NEGRI ON DESCARTES

Ralph Dumain rdumain at igc.apc.org
Sun Apr 16 10:03:15 MDT 1995


I thank Steve Wright for his clarifications on Negri and
autonomism and the Johnson-Forest (James, Dunayevskaya, Boggs,
Glaberman) influence.  Of course Johnson-Forest was an even
greater failure in the USA.  It seems to me the view contained in
FACING REALITY was an original attempt to ground a radical
politics as an alternative to the failure of vanguard and top-down
organizing in a social situation where official society blocked
the way towards accomplishing anything and there was a need to
find the cracks in the system and build something from the ground
up, what James et al called the new society within the old.  But
that was just too simplistic a view of social organization,
patently unreal even if inspired IMO.  In the USA, much more
unreal than elsewhere.  Or, to paraphrase another proverb: "The
working class can kiss my ass I've got a house in the 'burbs at
last."

Based on other people's posts, it looks like Negri doesn't have
much staying power and we are going to have to go back to Bhaskar
as a model of clarity, precision, and transparency.  That's the
slogan!  "Back to Bhaskar".  Do you think we could get Dick Howard
to title his next book "From Marx to Bhaskar"?  Or maybe "From
Negri to Bhaskar"?  "Dunayevskaya to Negri to Bhaskar"?

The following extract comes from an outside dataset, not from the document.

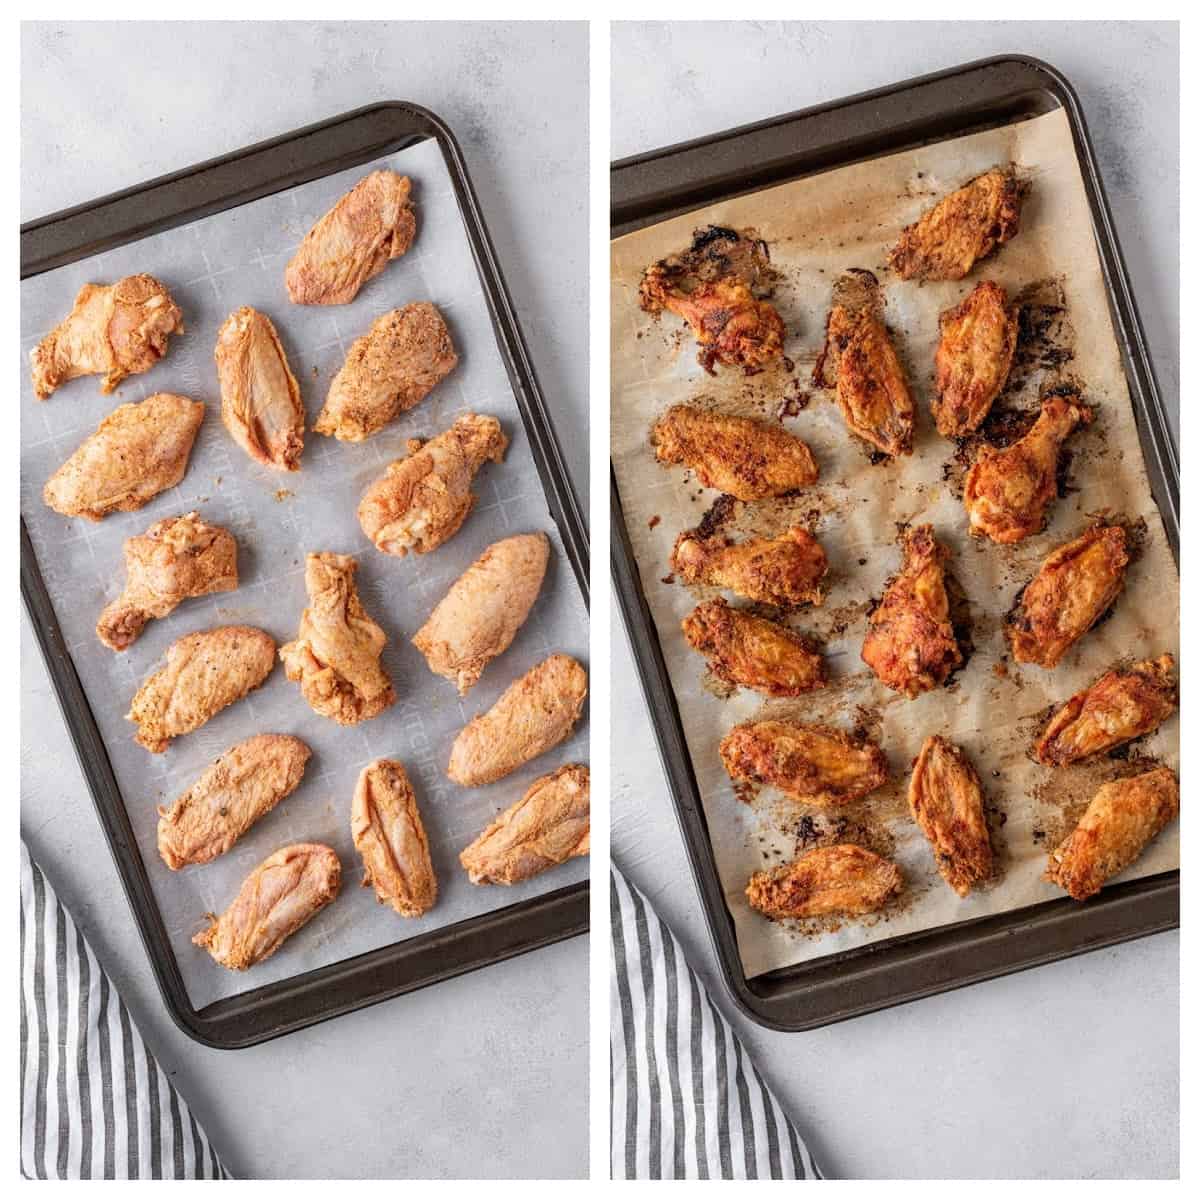 a side by side photo of the chicken wings on a parchment lined baking sheet before and after they are cooked
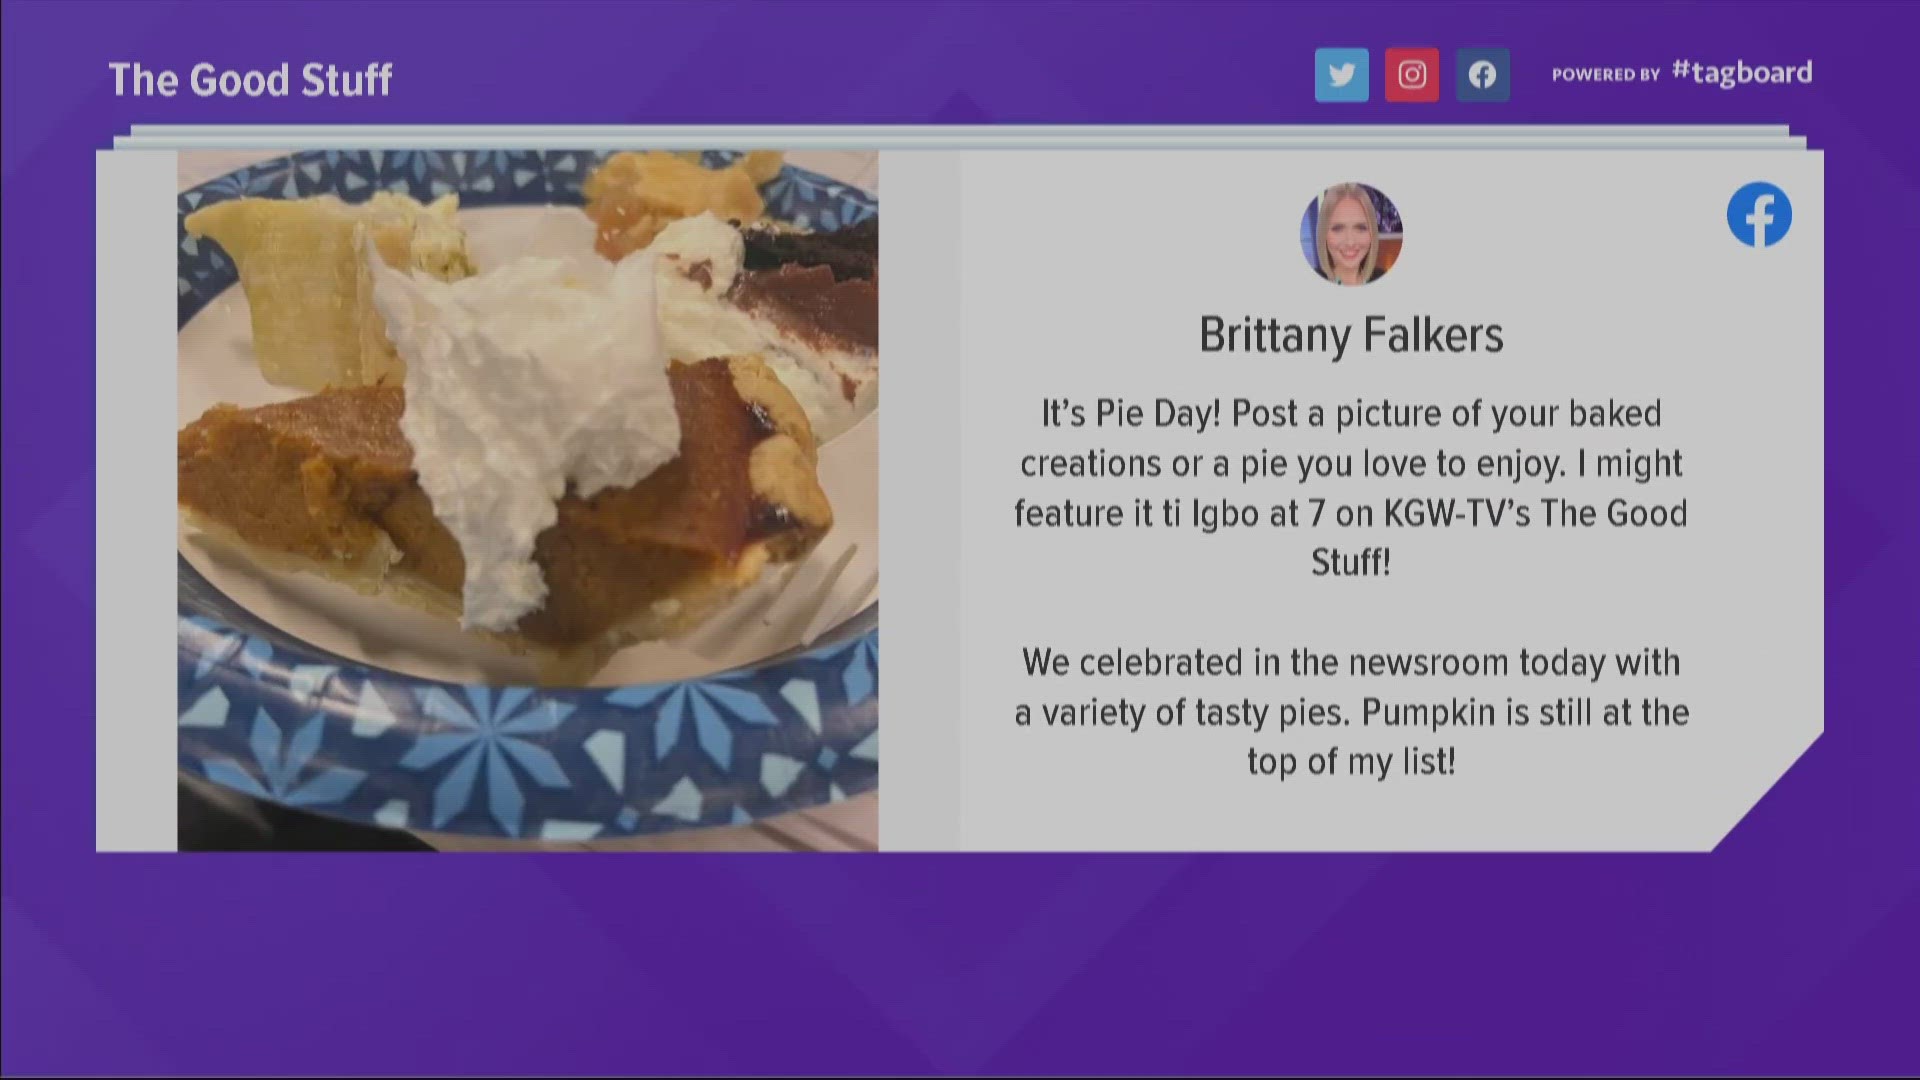 On the Good Stuff, KGW viewers submitted pictures of their pies in celebration of Pi Day.

But seriously folks, before I leave Negri to the gnawing of the
mice, I have another inquiry about Negri.  Perhaps Mr. Hardt could
answer it.  There is a reference to a book (?), still not
translated, by Negri about Descartes.  I could not find it in the
Library of Congress even in the original.  Do you know about it,
and better yet, could you summarize it for us?